Monday, August 24, 2009

Elements of change

It has been an eventful year. This time last year, I was a different woman. Lost. Lonely. Onna-bugeisha. A weapon without purpose. Walking away from a life I'd been groomed for but didn't want as my own and a distinguished military career I could never talk about. Knowing I would never fully escape either. Such was my fate.

But I had found love. Classic. Tragic. Doomed. Lost before it had a chance. Only to be found by someone who needed me as desperately as I needed her. Strong, and very real, if unexpected. It had broken me out of the shell I'd wrapped myself in since the Indies killed Caitlin. I'd found more out here than I'd ever expected, and the fact that I keep coming back to these thoughts only reinforces how alien they sometimes feel.

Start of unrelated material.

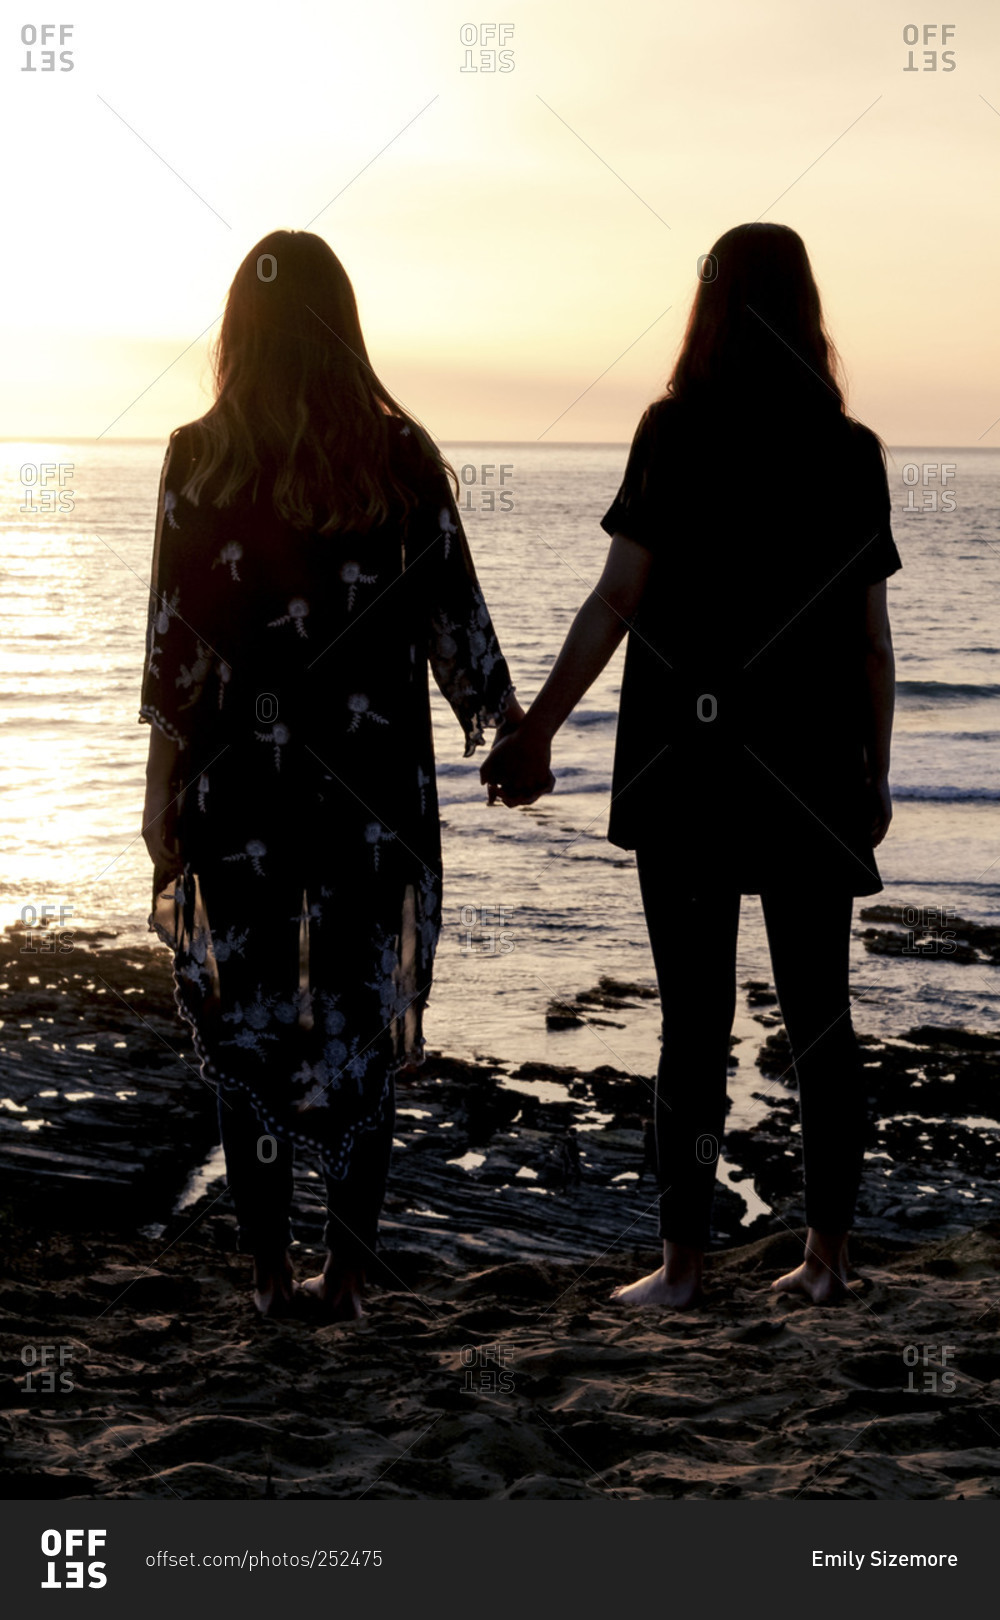 two girls holding hands silhouette

I wasn't lonely anymore. 'Brina chased those daemons away. Even with her extended work off-world I didn't feel lonely. But sometimes I still felt Alien.

And now? Right now? Right now I missed 'Brina off world at work. I missed Aurora, off with my family on Ariel. I missed Blue. Why? Who knew. But I'd grown fond of the AI and now I missed him. I missed Imrhien and Duncan, off on MacLaran's Drift. I missed Td, where ever the hell he'd gotten to. I missed Caitlin.

I missed beaches, and snow, and mountains, and oceans, Kobe Beef, good chilled sake, field grown vegetables, paddy grown rice, fresh fruit, real chocolate, Kopi Luac, city streets crowded with people, forests. I missed my sense of purpose.

For Murphy's sake...

Dies ist nicht richtig. Ich glaube, ich brauche meine Implantat zu überprüfen.